The most common benefit when anyone thinks about altitude, is the increase in erythropoietin or EPO. This is the hormone that stimulates red blood cell production. Having a prolonged decreased partial pressure of oxygen stimulates the kidneys to produce erythropoietin (EPO). EPO then stimulates the marrow in the long bones to produce more red blood cells and therefore increases blood volume and oxygen carrying capacity, thereby enhancing cycling performance as the end result.
While this sounds all easy, like you just packing your bag to stay at altitude and come back having a significant gain, there are a few protocols, durations and locations that will need to be considered before heading off and leaving the kids to the Mrs (or vice versa) for a few days.
Individual Response to Altitude Training
An important factor to consider is whether or not you are a responder to altitude. By this I mean, does your body adapt and respond in a positive manner or does your body not respond well to altitude? Not everyone is a responder and if not, this can and often lead to negative physiological gains and even result in an athlete detraining. If this is the case, it’s better to not go to altitude and rather do your quality training where the air is thick.
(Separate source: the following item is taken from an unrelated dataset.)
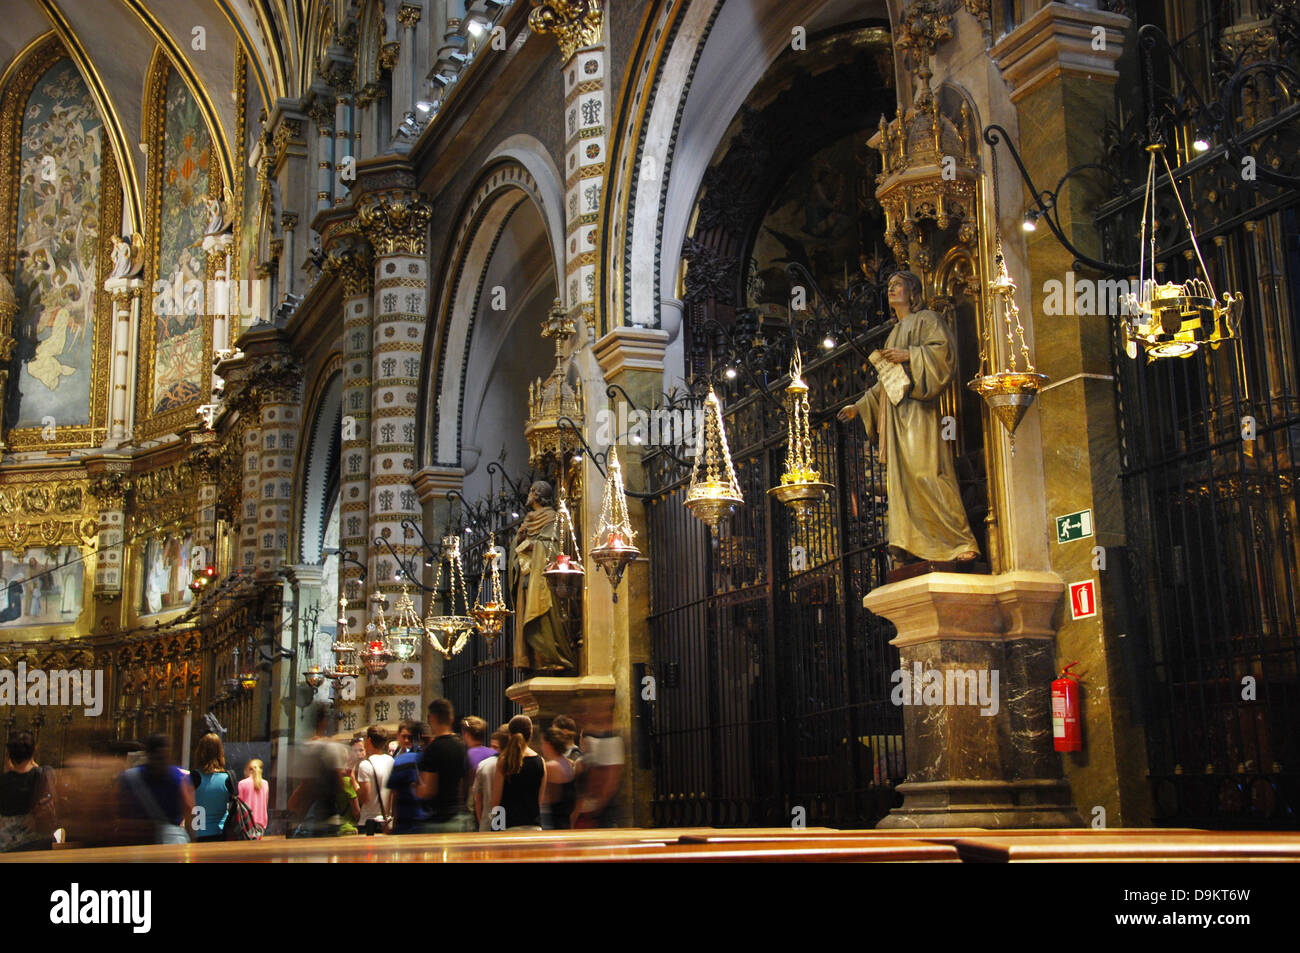 Monasterio de Montserrat, cerca de Barcelona, España Imagen De Stock

Training Or Sleeping At Altitude
Next, one must consider if you are going to only train or only sleep at altitude? Or are you going to both train and sleep at altitude? As the research has highlighted, these are all critically important components of designing an altitude training block. The primary models which have been investigated include:
- Live High, Train High (LHTH)
- Live Low, Train High (LLTH)
- Live high, Train Low (LHTL)
(High = at altitude)
While I am not going to go into each one of these in detail, I will go into the most common of the options being:
Live high, Train Low (LHTL)
This is a common and favored method of altitude training and it’s pretty simple – the lower the altitude the more oxygen the air contains. Yes, at an altitude of 2000m+ there is oxygen in the air, but it is less compressed and therefore makes it harder to breathe; this makes it harder to produce power while training or racing at high altitude. While you benefit from the physiological response of erythropoietin production for one, your muscles will detrain at altitude. Where you win you also lose.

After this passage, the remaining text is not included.